Выбрать главу

Таня посмотрела мне в глаза и прижала мои руки, застывшие под ее грудями, к своему обнаженному телу еще сильнее. Ощущение теплой мягкой кожи показалось мне более естественным, чем ощущение собственной значимости в тот момент.

- Может, пока секс еще не успел надоесть, воспользуемся моментом? спросила она.

Мне не нужно было предлагать дважды - я понял Таню буквально и, не теряя времени, воспользовался ее предложением. Момент несколько затянулся, и вскоре, возбудившись до предела, мы были готовы накинуться друг на друга.
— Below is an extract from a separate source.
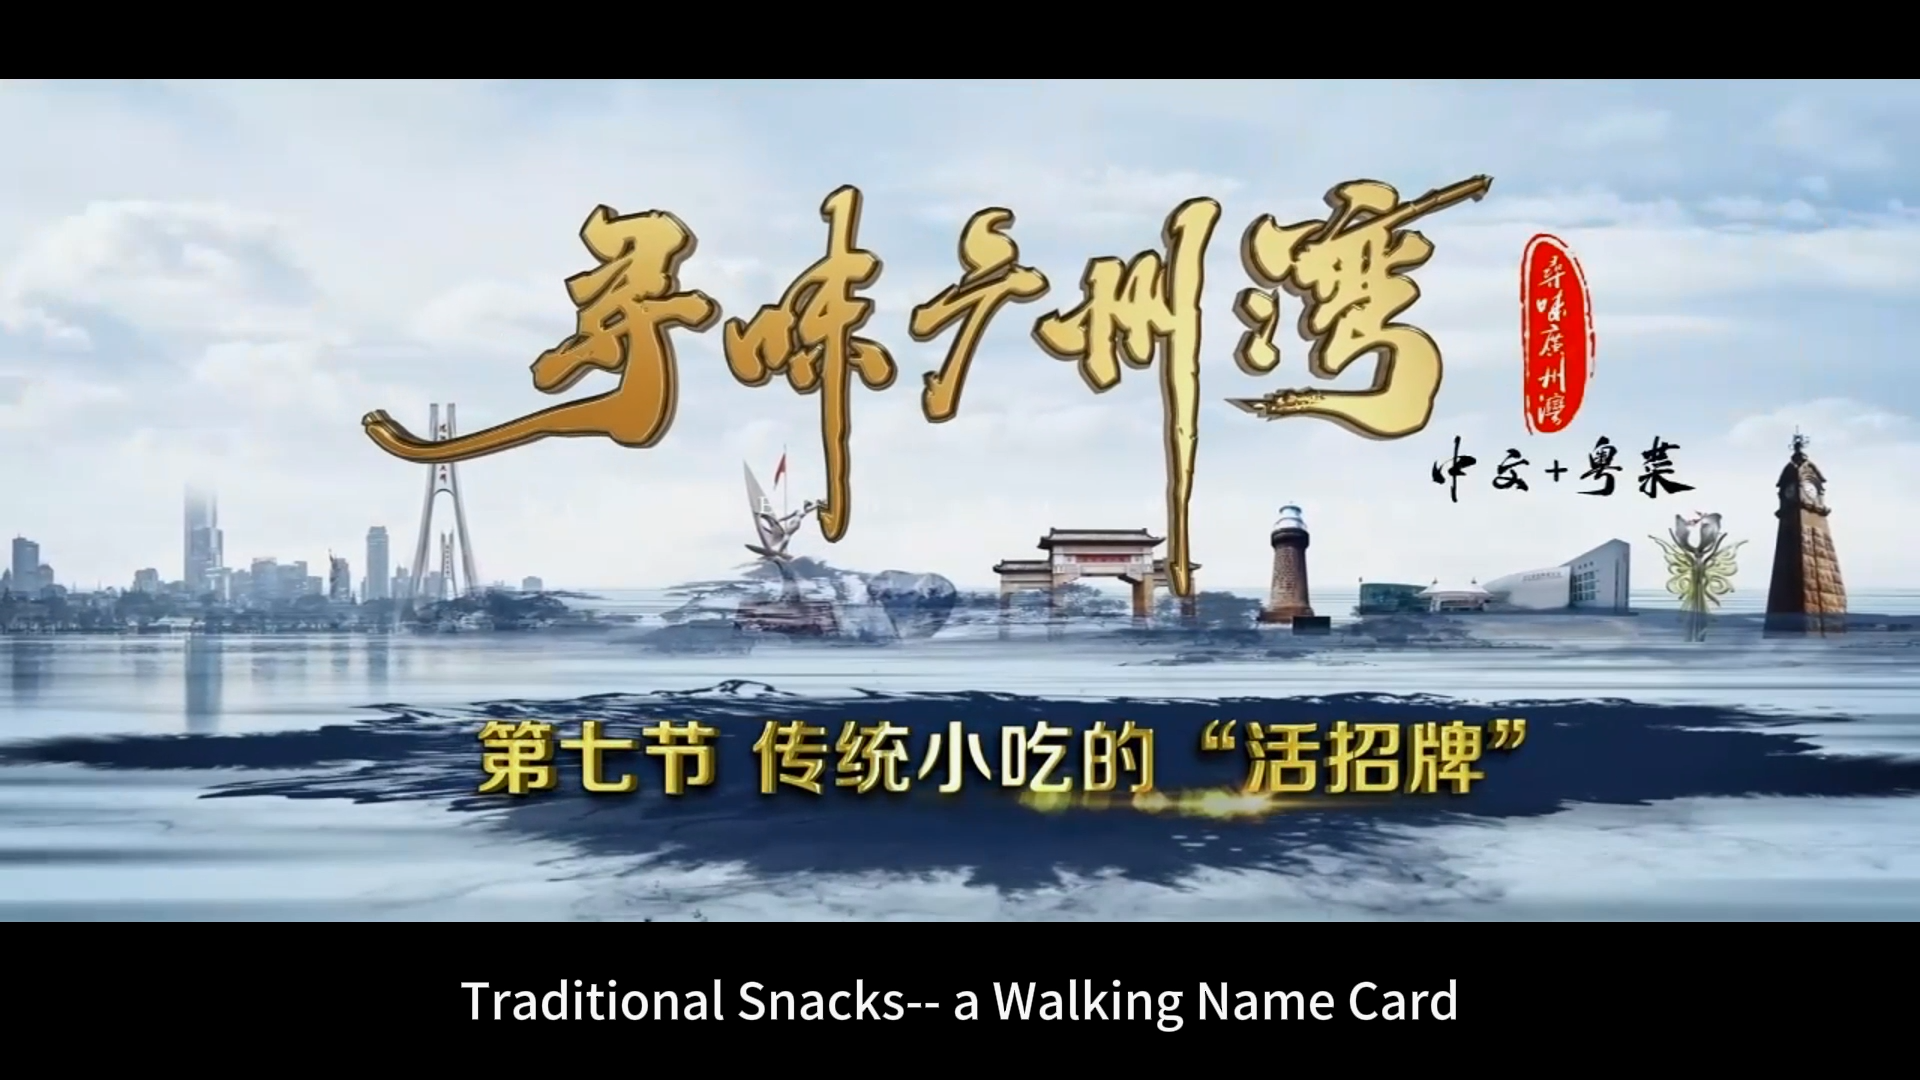 Traditional Snacks-- a Walking Name Card

Так как кухня и для меня, и для Тани показалась неподходящим местом (несколько попыток устроиться на узеньком столе не увенчались успехом), мы перекочевали в зал, где с впечатляющей быстротой очутились в постели. Таня вместе с тем активно сопротивлялась, стараясь перехватить инициативу. "А где же скромница?", - мелькнуло у меня в голове.
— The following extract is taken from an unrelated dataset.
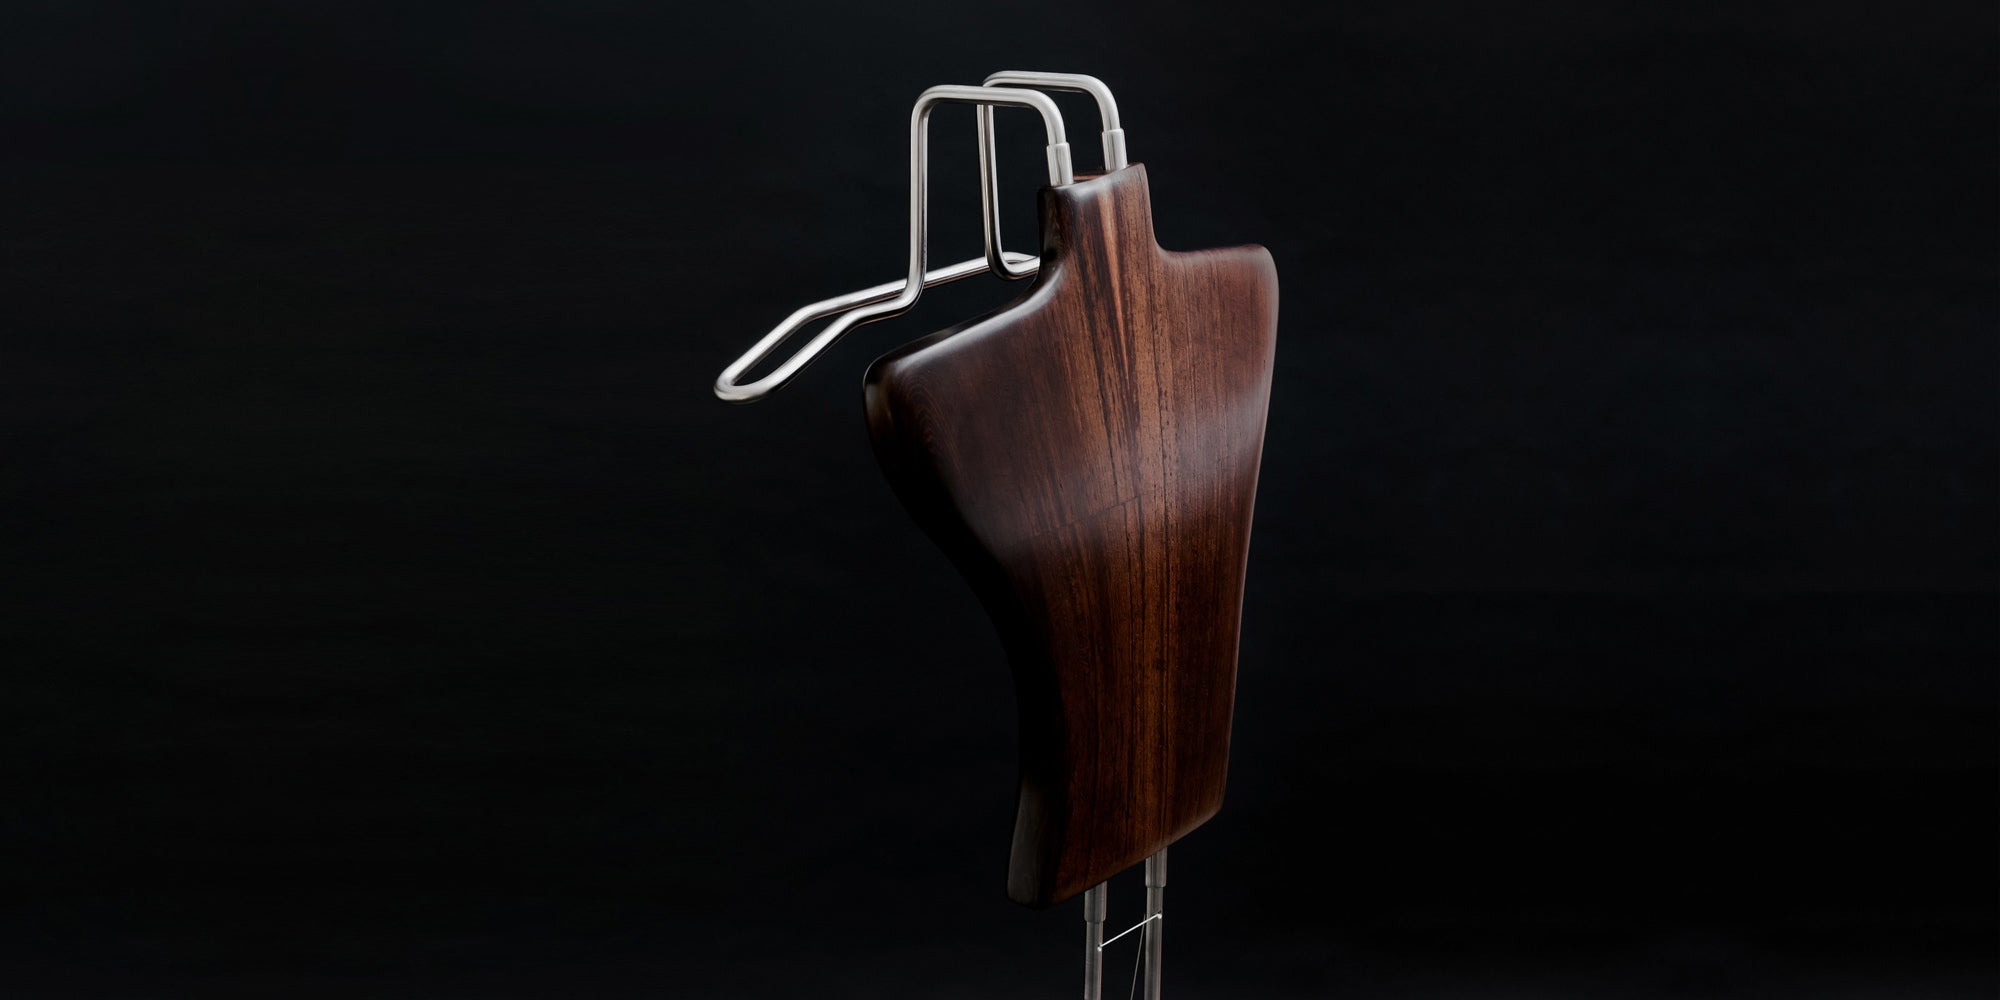 Clothes hanger - Butler is a combination of the best design and functionality. The Gentleman's Retainer is designed for interior spaces as a practical object that allows for the planning of outfits in order to fully preserve their original shapes,

Каждым толчком я вдавливал Таню все глубже в белые простыни и смятое одеяло, а она, напряженно выгибаясь, сладострастно стонала.

- Сильней! - выдохнула она, ведомая жаждой наслаждений. - Глубже!

Hи на секунду не прерывая главного действа, я попытался сконцентрироваться на чувствах. Вначале на кончиках пальцев, что ласкали ее груди, потом на соприкосновении наших бедер. Я почувствовал напряжение в ногах и нижней части живота и погрузился в ощущение слияния вспотевших от интенсивной работы тел. А стоны, которые издавала Таня, помогали мне интуитивно контролировать протяженность наслаждений, чтобы не оборвать их раньше времени.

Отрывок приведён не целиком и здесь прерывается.